The army’s top South Pacific commander, Major General Harmon, had argued for days with his superiors that the US forces on Guadalcanal needed immediate help. He said that the Japanese were preparing another offensive. “It is my personal conviction,” he wrote, “that the Jap is capable of retaking Cactus-Ringbolt, and that he will do so in the near future unless it is materially strengthened.” Mitch and his men were part of that reinforcement.

There were not enough P-39s to go around, however. Doug Canning, for one, hitched a ride aboard a C-47 transport aircraft. A young Time magazine reporter named John Hersey happened to sit nearby. Guadalcanal was the future Pulitzer Prize–winning writer’s first assignment in the Pacific. Eager for wartime tidbits, he got little from the army pilot, however. Canning listened politely to questions about the war but shook them off, wanting instead to talk about home. Said Hersey, “Within a few minutes every conversation swings around to home.” Rather than discuss dive-bombing, Canning talked animatedly “about how he used to drive with girls and boys in his gaudily painted 1936 Chevy from Nebraskan town to town for the fabulous three-day fairs of summertime.”

Mitch and eleven others, meanwhile, stopped to refuel and spend the night on another of the Solomon Islands. Then, on Wednesday morning, October 7, they began the last leg of a flight to what, at that moment in time, was the crucible of war in the Pacific: Guadalcanal. The sky was clear, and from a distance Guadalcanal looked welcoming—a tropical island with sun-soaked beaches, coconut groves, green meadows, and inland highlands. Mitch made sure to make a wide turn from shore to steer clear of the Japanese guns he had been warned were embedded west of the Matanikau River. It was then that he spotted Henderson Field, a slice of airfield on a coastal terrain about a mile inland from Lunga Point. Mitch and the pilots following him could see that the base was surrounded by grassy ridges that disappeared into thick jungle, and as they closed in they could make out the defense line the marines had established, the hundreds of foxholes and weapons emplacements armed with Browning .50-caliber heavy machine guns, 37 mm antitank guns, M2 muzzle-loading mortars, and 90 mm heavy antiaircraft guns with fifteen-foot barrels.
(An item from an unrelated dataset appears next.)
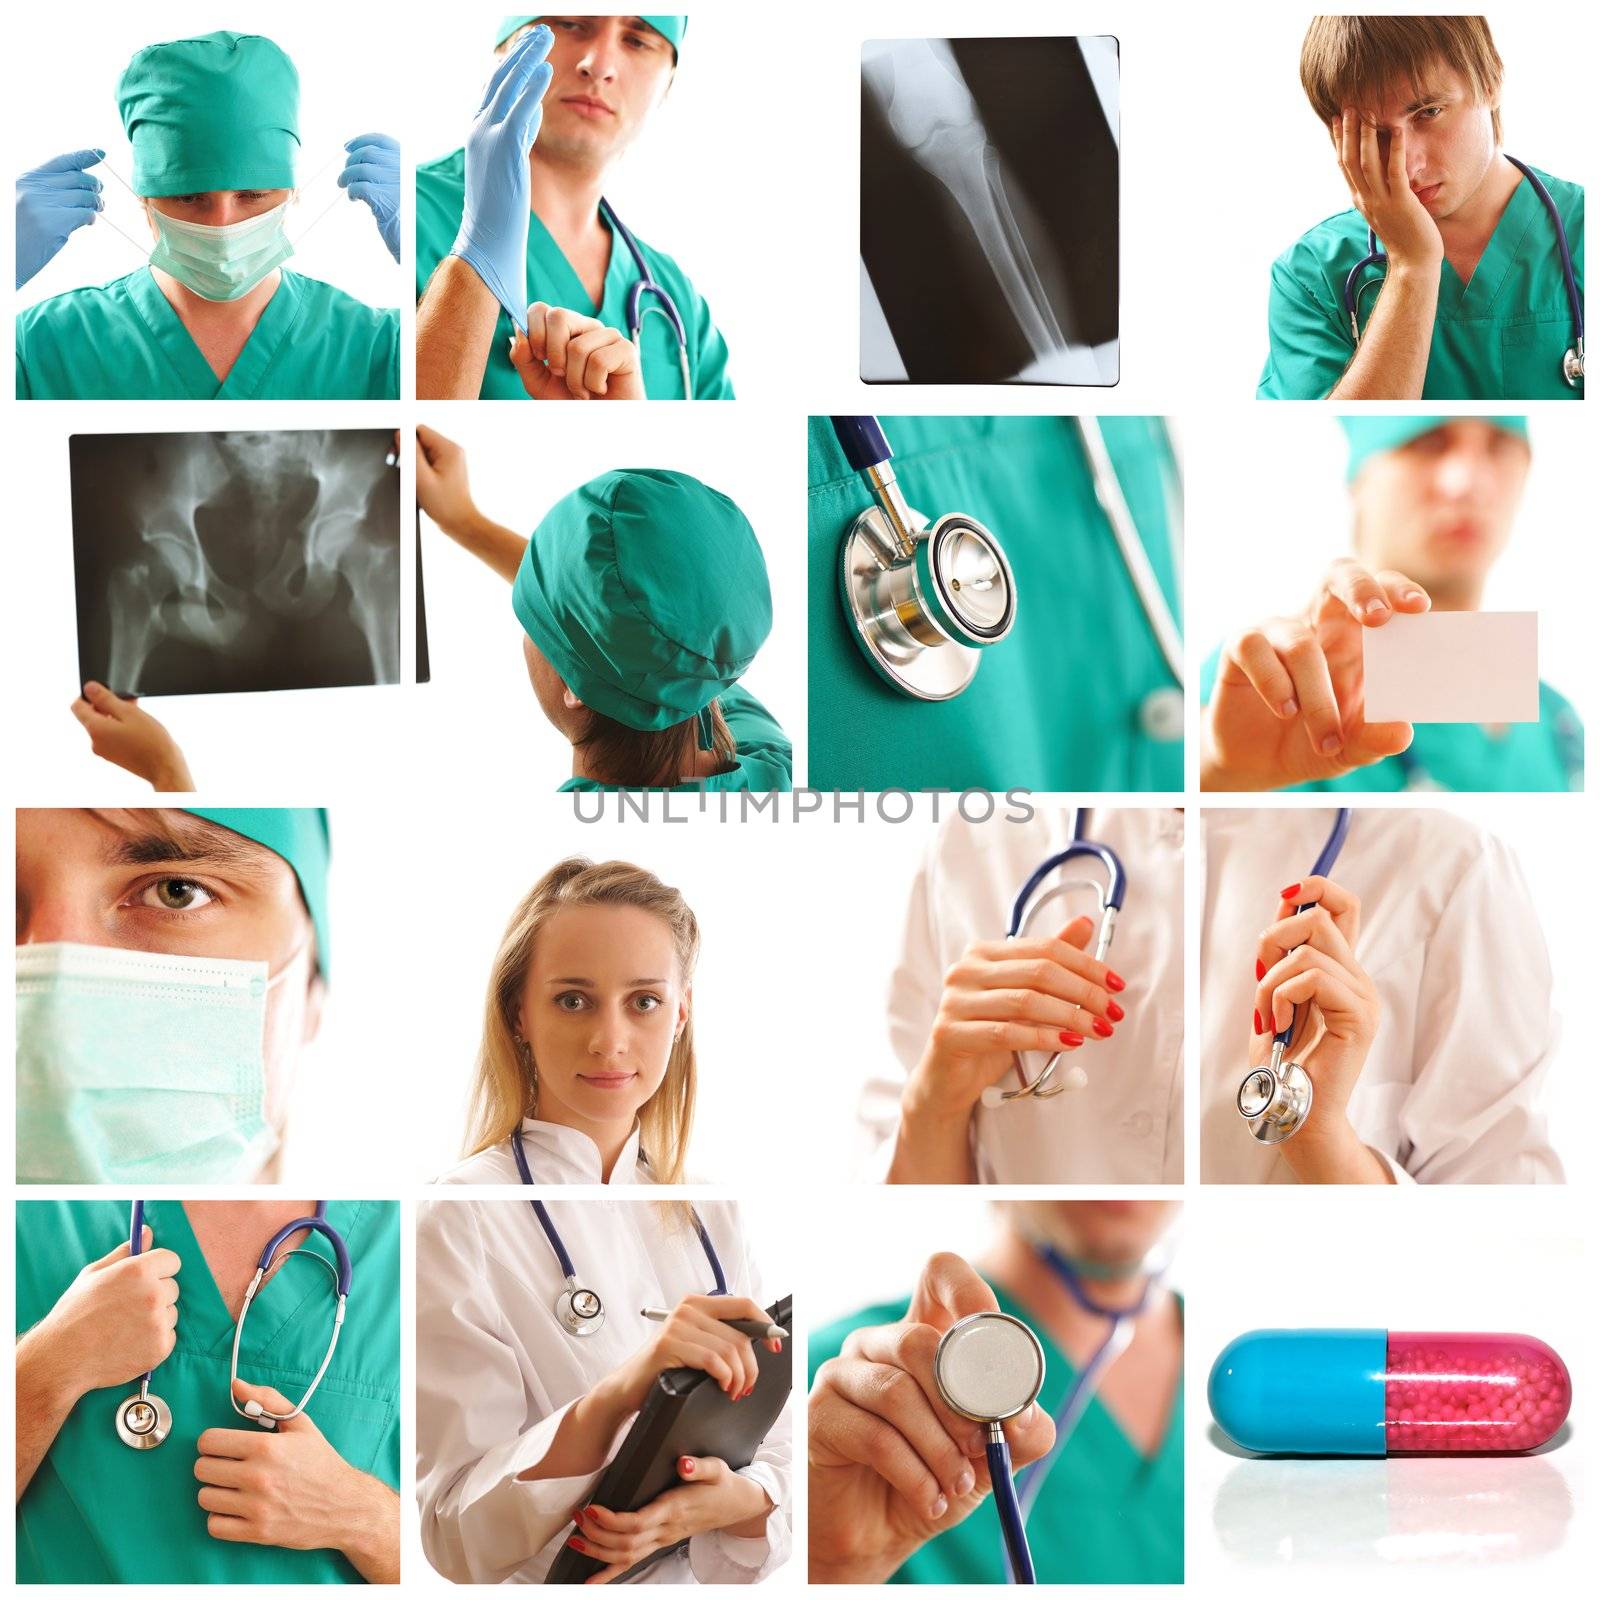 Medical collage by haveseen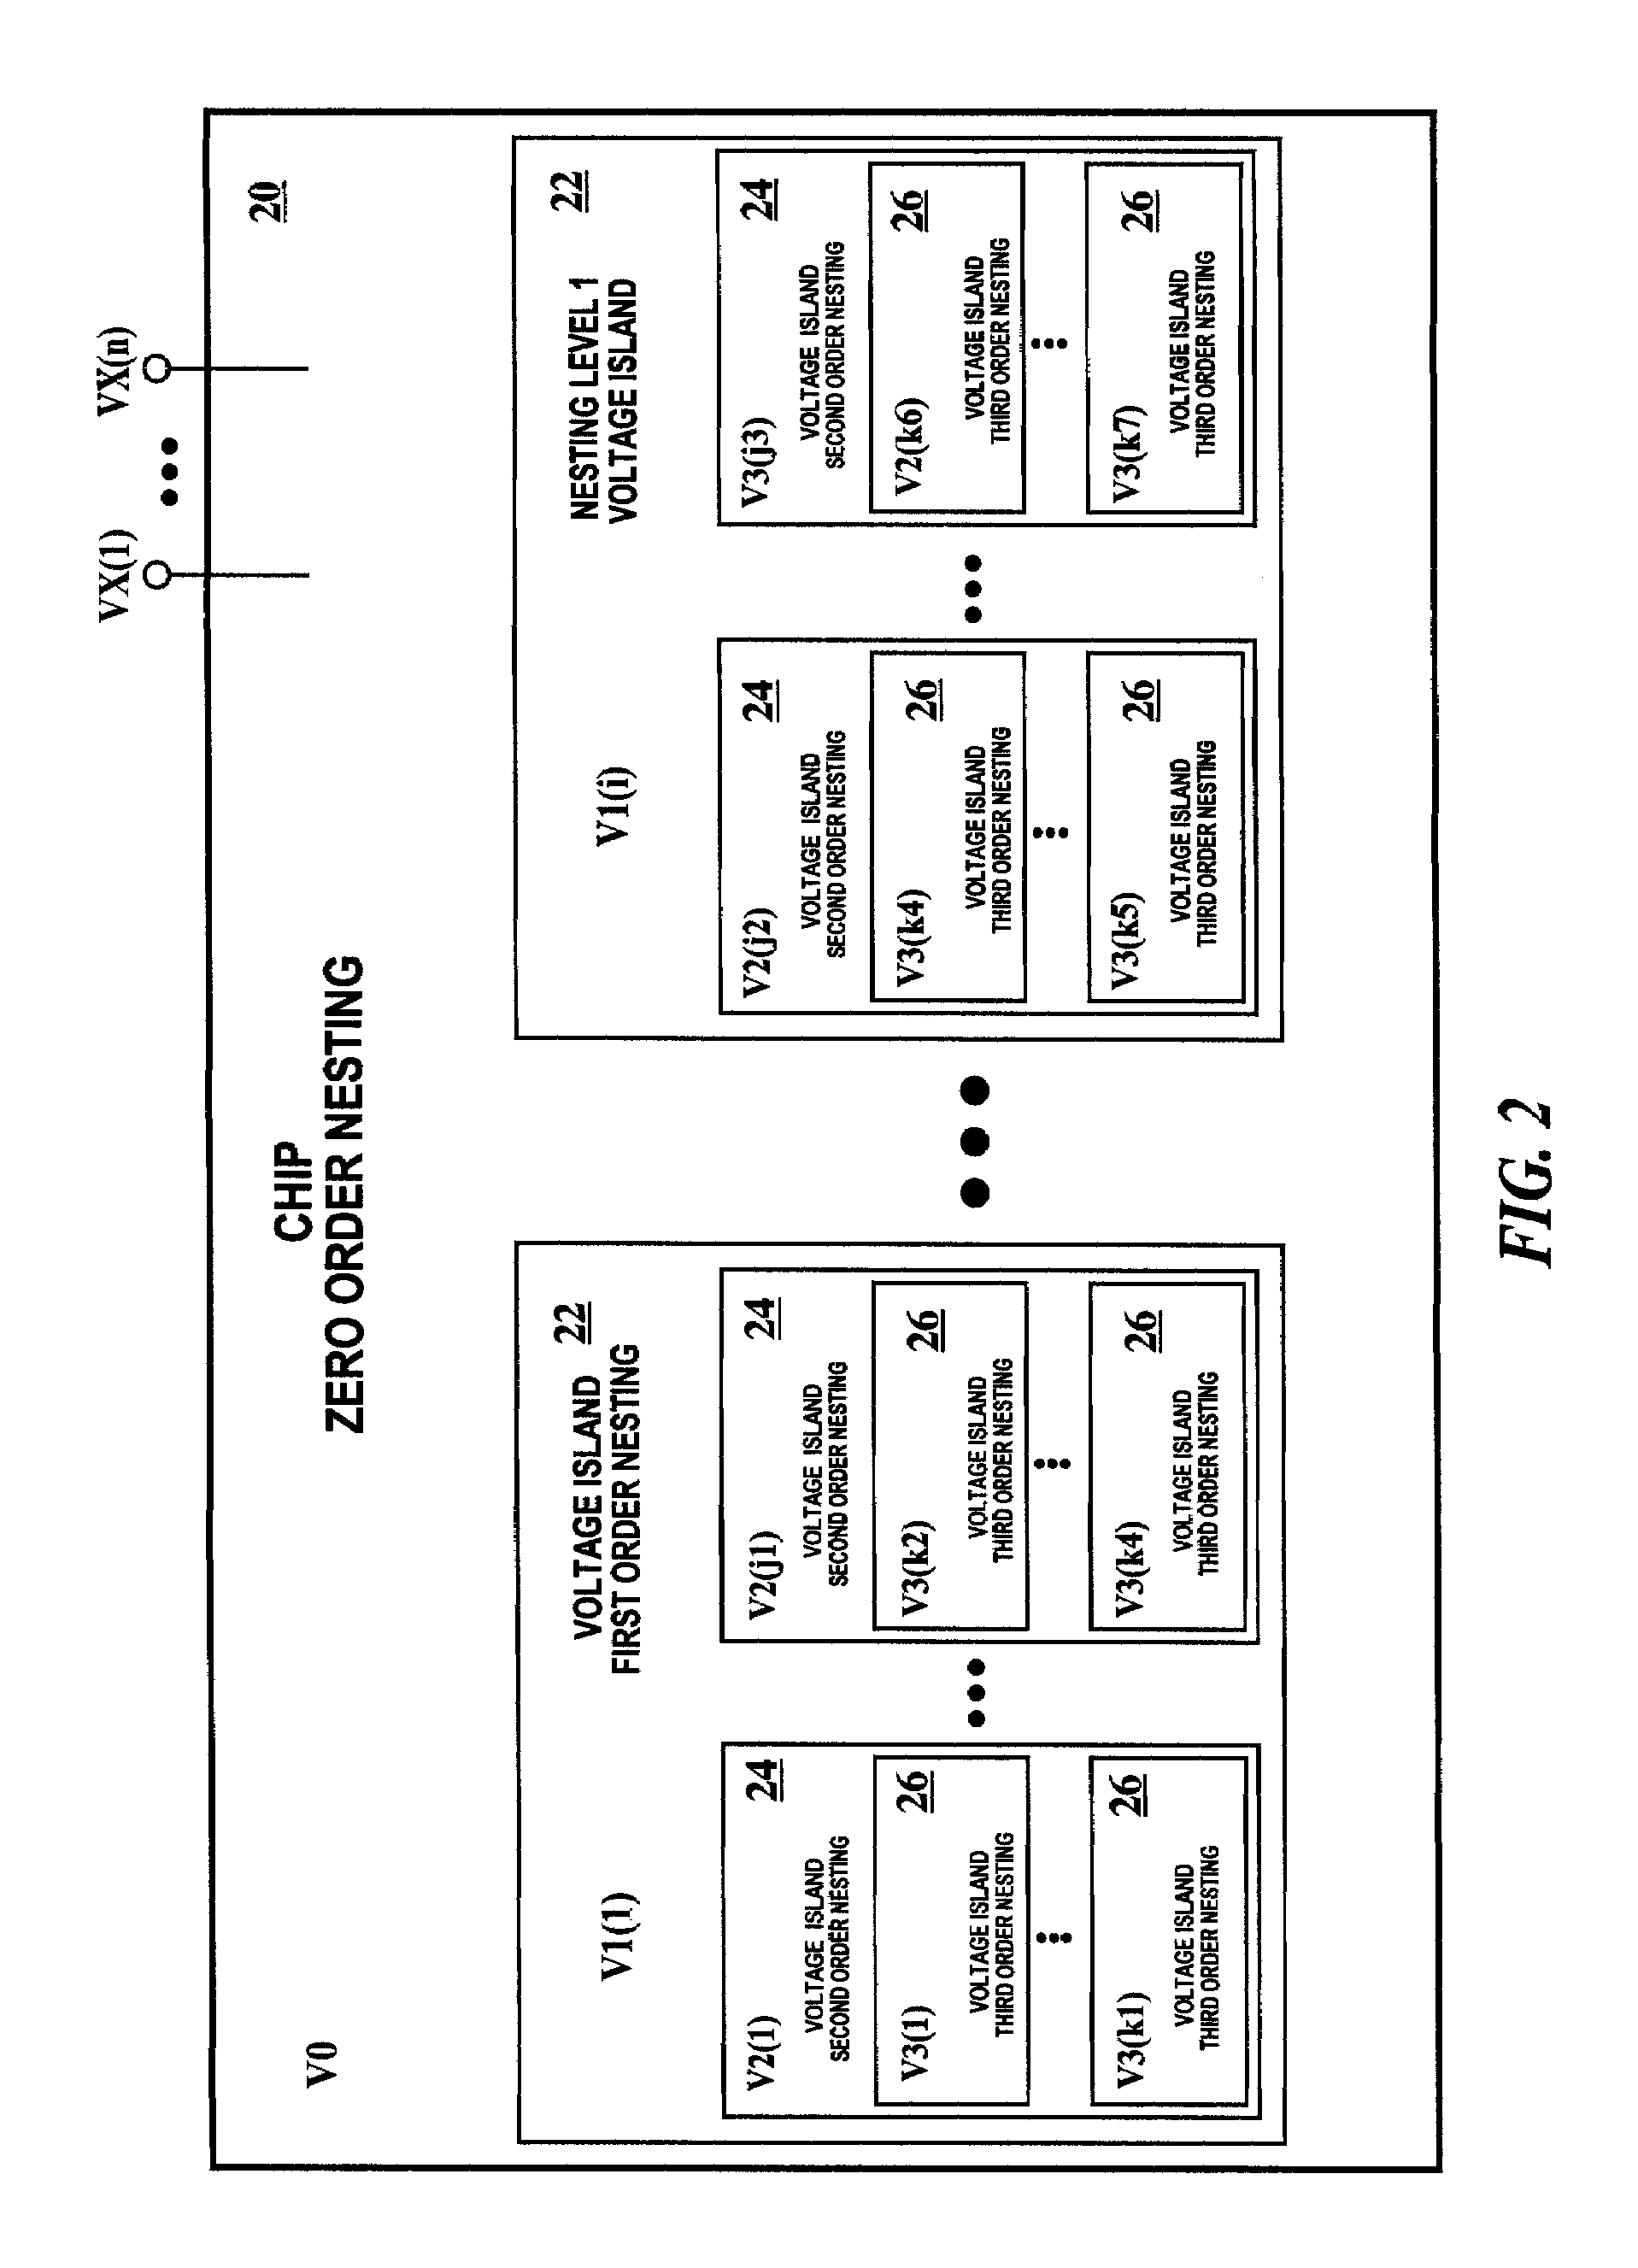 Nested voltage island architecture

Looking inside the perimeter, they could see the coconut stumps from the days when the area had been a plantation, and on closer inspection, they noticed bomb craters, tangled plane wrecks, and marine amphibious equipment rusting on the beach next to hulks of Japanese transport ships—the residue of the marine invasion and the fierce fighting since.

The marine base was only about a half mile wide and a mile and a half long. That was the full extent of the US footprint, and from the air Mitch and his men could see how little ground the marines possessed and, worse, how the enemy was all around. The pilots made a final descent through plumes of smoke, one set curling skyward from the cooking fires at the marine base but many more from Japanese camps in the jungle outside the perimeter. It was all there in a single, compact vision, and it looked ghostly. “You could very easily know we were here, and they were there,” one of Mitch’s pilots observed.

Mitch was the first to touch down, the wheels of the P-39 squeaking as they hit the airfield’s glistening Marston matting, long strips of steel rolled out over a base of crushed coral. He had arrived just in time for Yamamoto’s next big push to retake Guadalcanal.